Military operations are strategically planned to fit individual situations. Using proven tactics, techniques and procedures, commonly referred to as TTPs, military strategists mold each operation to meet the challenges of each enemy situation. There are four types of military operations: offensive, defensive, stability and support. Each serves its own purpose and is used by battlefield commanders to handle different enemy engagements. Army Field Manual 3-0, "Operations," clearly defines each type of operation and outlines its uses. FM 3-0 is used by soldiers at all levels.
Offensive operations are mainly used during times of war. The purpose of offensive operations is to change the course of events in our favor -- and these types of operations usually include violence and force. However, offensive operations can also be used to deter future conflicts; for example, placing armed soldiers at civilian checkpoints in combat zones is a type of offensive operation. Armed soldiers working out of civilian checkpoints is a show of force designed to deter conflict.
Defensive operations are designed to prevent military casualties on our side of the battle while setting the stage for a future offensive operation. During a defensive operation, military forces will protect themselves, their area of operations (commonly called the AO) and any property contained in the AO. When U.S. forces come under attack, commanders gather information and instruct their troops to defend themselves. Generally, commanders plan ahead for these situations and can use experience, strategy and TTPs to turn the tables on the enemy.

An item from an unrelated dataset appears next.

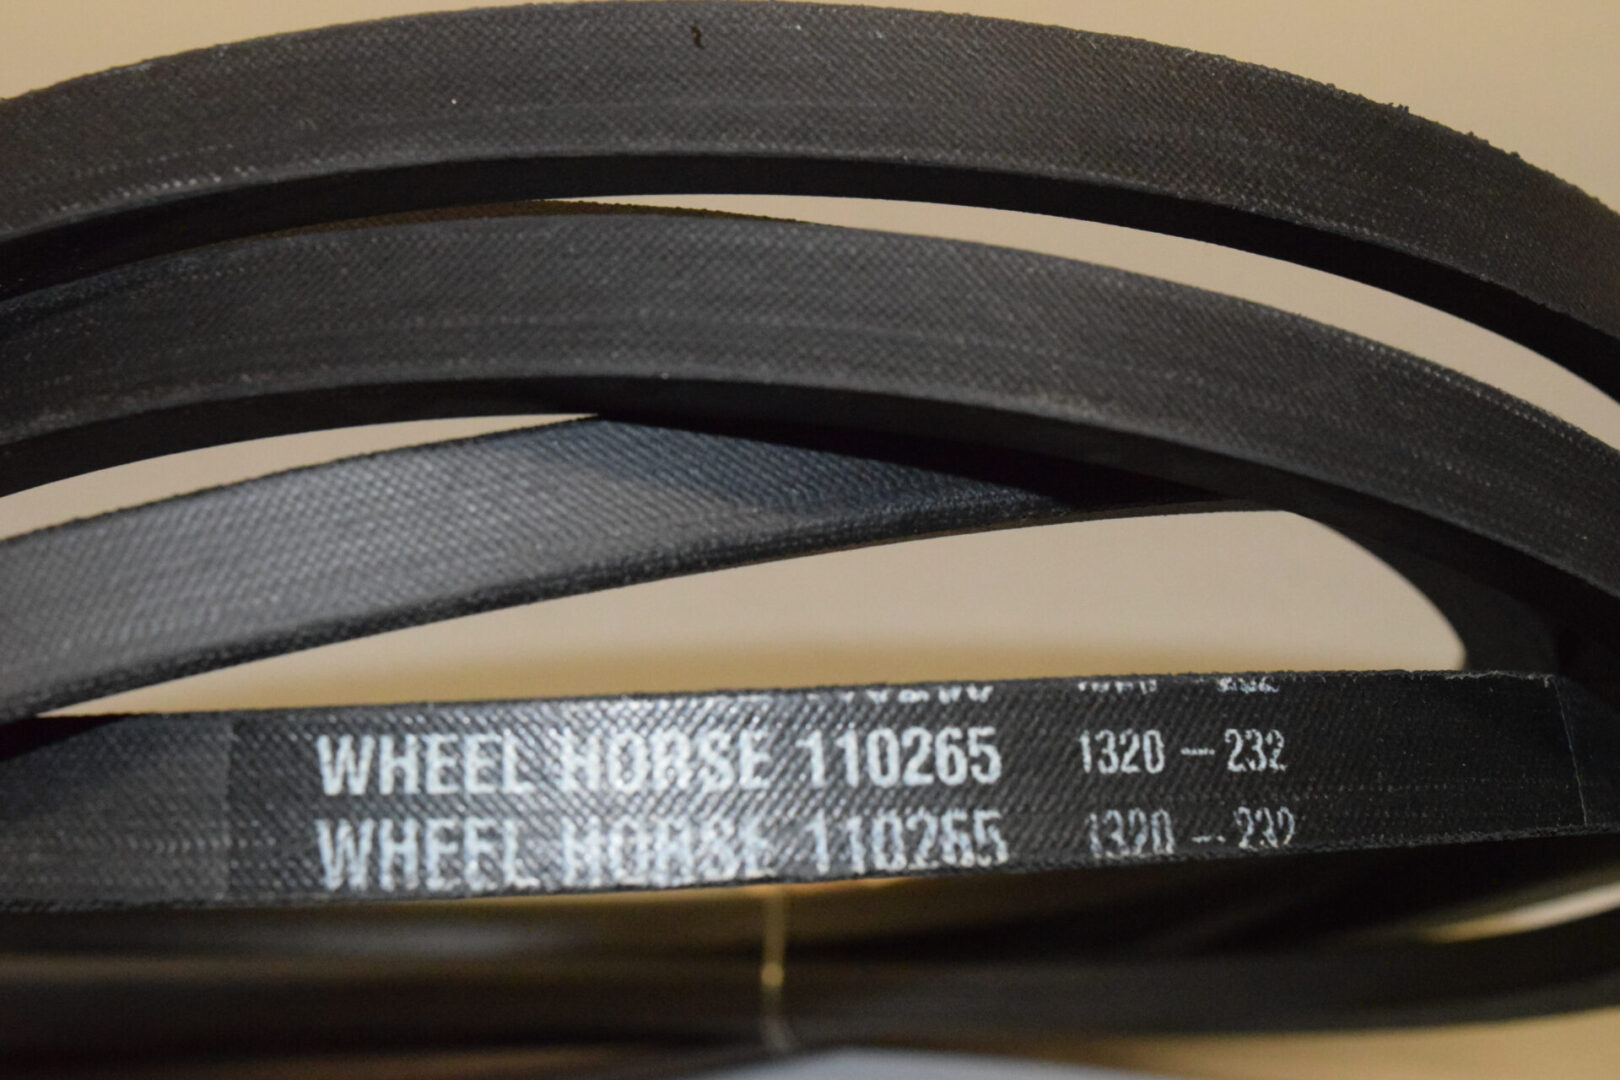 TORO or WHEEL HORSE 9714 made with Kevlar Replacement Belt

Stability operations hold military situations together during tenuous times. Using psychological operations, latent shows of force and cooperation between local forces and our military, stability operations prevent the U.S. Armed Forces from having to take an offensive or defensive stance. Stability operations cannot be conducted during active combat; rather, stability operations occur before and after periods of active combat. Building community facilities, responding to local crises and training local law enforcement officers are examples of stability operations.
Support operations provide reinforcement to local authorities, both foreign and domestic, during times of need. This type of operation can be used concurrently with a stability operation and during defensive operations. When a local military engages an enemy, for example, U.S. forces may lend assistance as requested. Support operations are designed to win wars, resolve conflict and promote peace. Support operations can also include responding to national emergencies and disasters.